Why Cost Controls Matter in OpenClaw
AI workloads can be unpredictable. A single runaway prompt or unexpected traffic spike can quickly rack up costs. OpenClaw gives you granular tools to keep expenses in check, whether you're a solo developer or managing a large team.
Key benefits:
- Prevent budget overruns before they happen
- Align spending with business goals
- Simplify reporting and audits
- Enable safe experimentation
The OpenClaw Cost Control Checklist
Here's a step-by-step checklist to set up robust cost controls in OpenClaw:
- Define your usage and budget goals
- Set token limits per project, user, or endpoint
- Establish cost caps for teams or environments
- Configure model routing for efficiency
- Enable audit logs for transparency
- Monitor and adjust regularly
Let's break down each step.
1. Define Your Usage and Budget Goals
Start by clarifying:
- Who will use OpenClaw? (e.g., devs, data scientists, downstream apps)
- What are typical workloads? (batch jobs, chatbots, feature APIs)

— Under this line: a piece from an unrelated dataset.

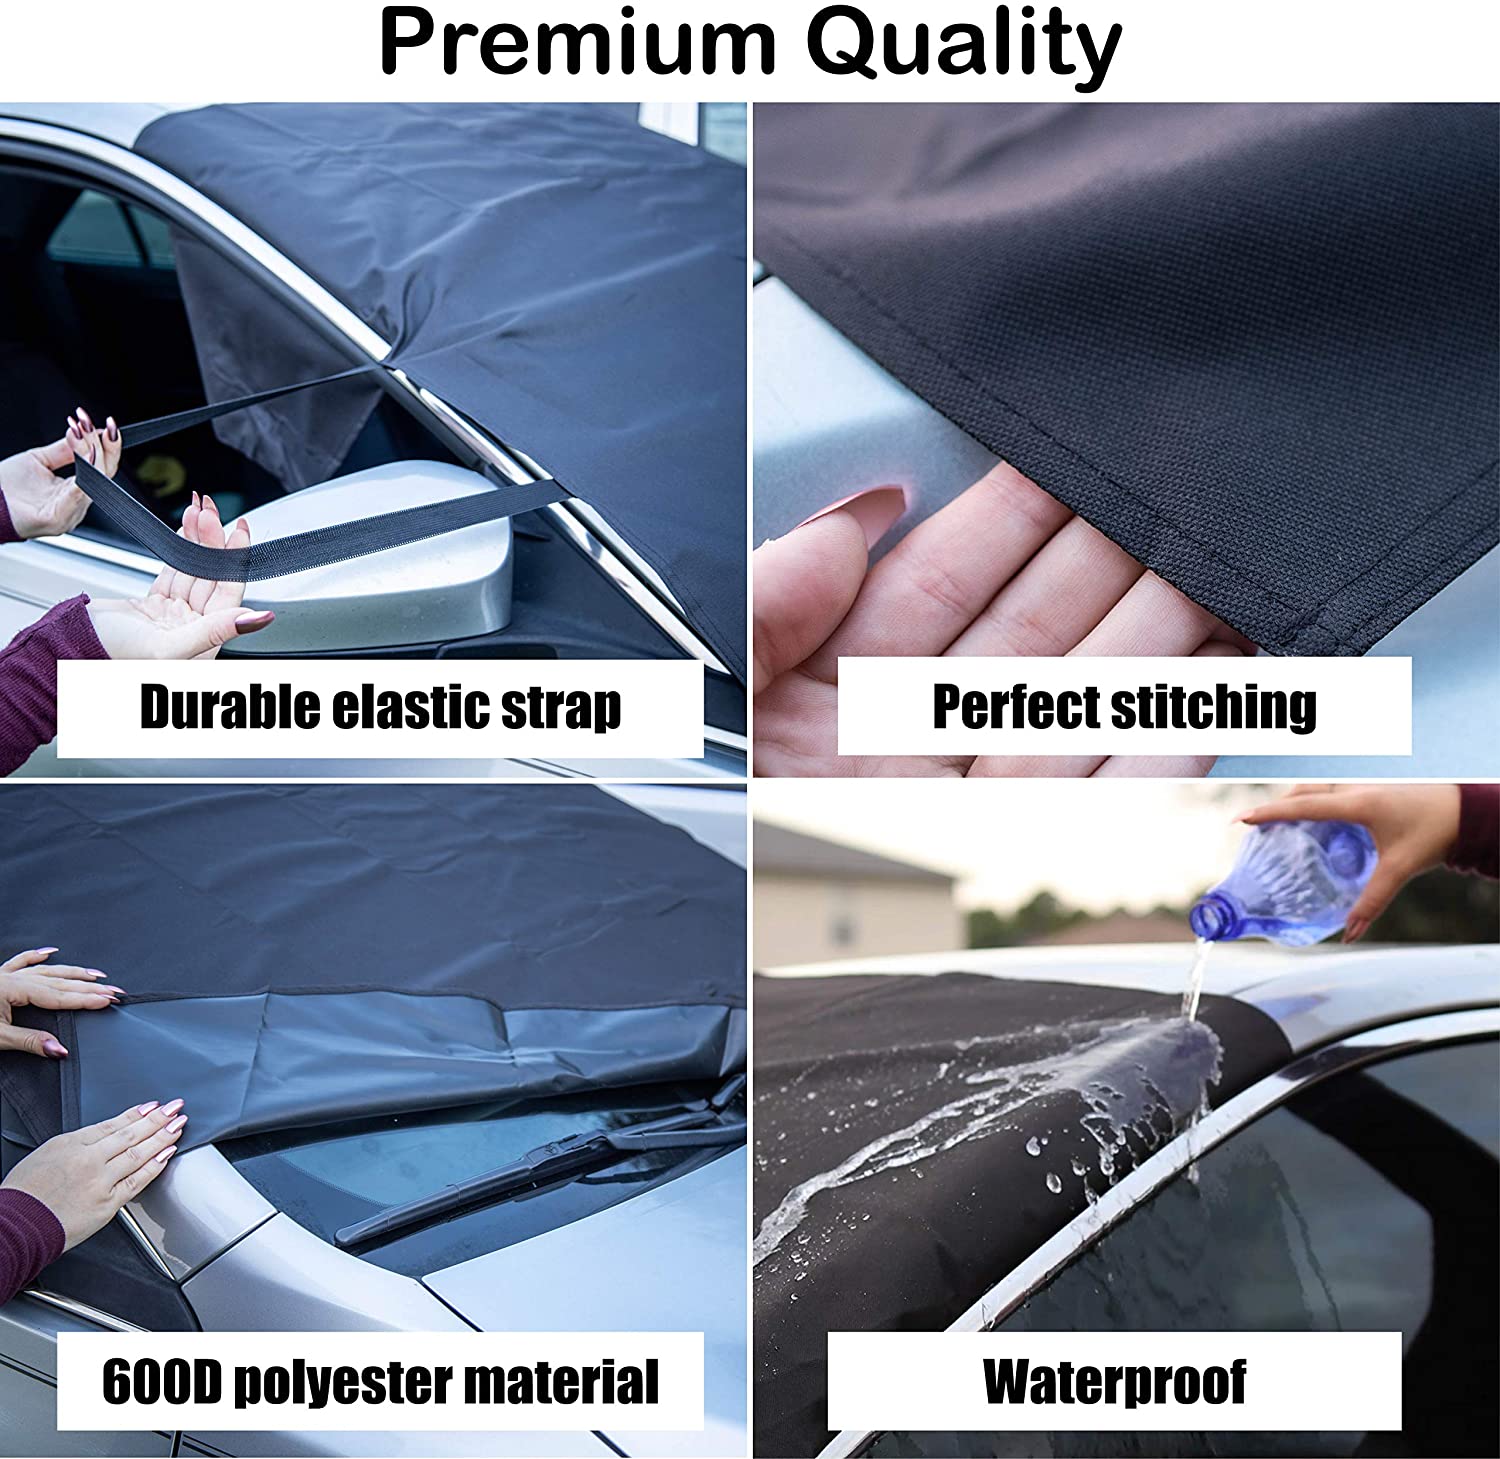 EcoNour Car Windshield Cover for Ice and Snow (69" x 42")| Exterior Automotive Water, Heat & Sag-Proof Snow Cover - image 5 of 8

- What's your target monthly budget? (e.g., $100, $1,000, $10,000)
Example:
"Our SaaS team expects to process up to 2M tokens/month for customer support chatbots. We want to keep costs under $500/month."
2. Set Token Limits
Token limits are your first line of defense. In OpenClaw, you can set token quotas at multiple levels:
- Per-user: Prevents accidental overuse by a single developer or script.
- Per-project: Keeps experiments from impacting production.
- Per-endpoint: Useful if you expose different APIs with different cost profiles.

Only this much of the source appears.